From the introduction to his Music in the Galant Style (pp. 20-21):

Names of scale steps. When I refer to the steps of a scale or key from an eighteenth-century perspective, I often use the names favored at that time. In place of the nineteenth-century English syllables doh, ray, me, fah, sol, and lah, the earlier musicians used the Latin forms ut (or do), re. mi, fa, sol, and la. In referring to the steps of a scale or key as features of a schema, I use numbers within circles. For features of the melody, the circles are black [...]. For features of the bass, the circles are white [...]. For passages that modulate between keys, such fixed scale-degree designations poorly represent the mobile cognition of pitch. I will argue that older forms of note naming may have been superior for those contexts.

Both the melody and bass numbers are representing scale degrees in the local key. As Albrecht has already noted in his answer, the excerpt begins in G minor and then moves to B-flat major, so the numbers refer to the scale degrees in those keys.


I was assuming that the white-circled numbers under the bass parts were the thoroughbass and that the black-circled numbers above were the scale degrees ...

You are right, this is not the case.

I guess : The numbers are relating to the moveable do (DOREMI= 123).

The excerpt begins in Gm: G,A,Bb,C,D = 12345

l.h. G =1, r.h. D =5

in the second line (2nd bar) we are in Bb: Bb=Do=1

r.h. Bb,C,D, = 1,2,3, l.h. Eb=4 and E = #4


the black-circled numbers are above the melody (and not the r.h. - I can’t write here on my tab and still see the whole display).

The white-circled are ”solfegging” (doremi) the bass-line.

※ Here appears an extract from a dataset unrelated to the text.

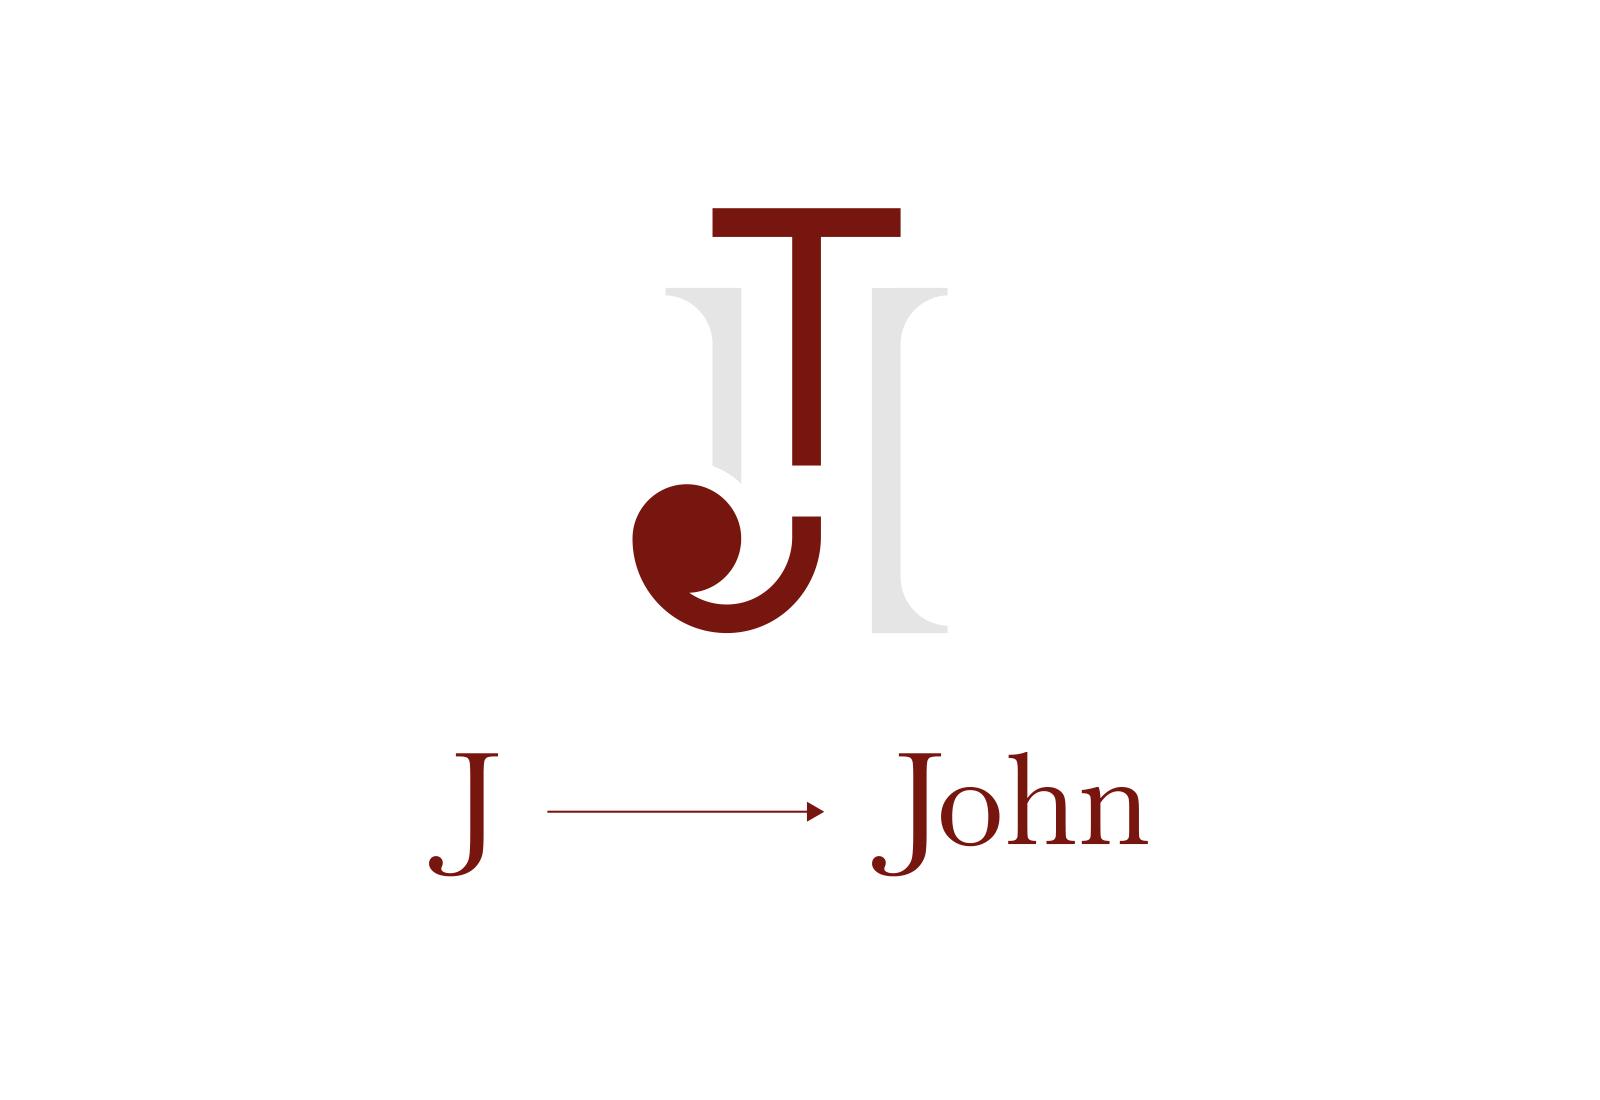 J di John evidenziata sul logo di john travor hotel bordeaux su sfondo bianco

  • You're probably correct, but why are some places that could have a number in a circle blank?
    – Tim
    Jan 11, 2020 at 8:37
  • Because this seem to be just a pedagogical assistance to practice the solfege. It won’t make sense to define each single note - as it isn’t necessary to mark the fingering of each single note. I’ve never seen this before but I used similar helping hints when teaching. Edited I guess ;) Jan 11, 2020 at 8:44
  • Except that solfege isn't directly related to fingering. All it does is identify each note in relation to the others.
    – Tim
    Jan 11, 2020 at 9:02
  • In relation to the key! it doesn’t change until the the piece is modulating. That’s why the numbering is marked again when the tonic is Gm: latido = 123 Jan 11, 2020 at 9:28
  • Understand that. You mentioned it in relation to fingering.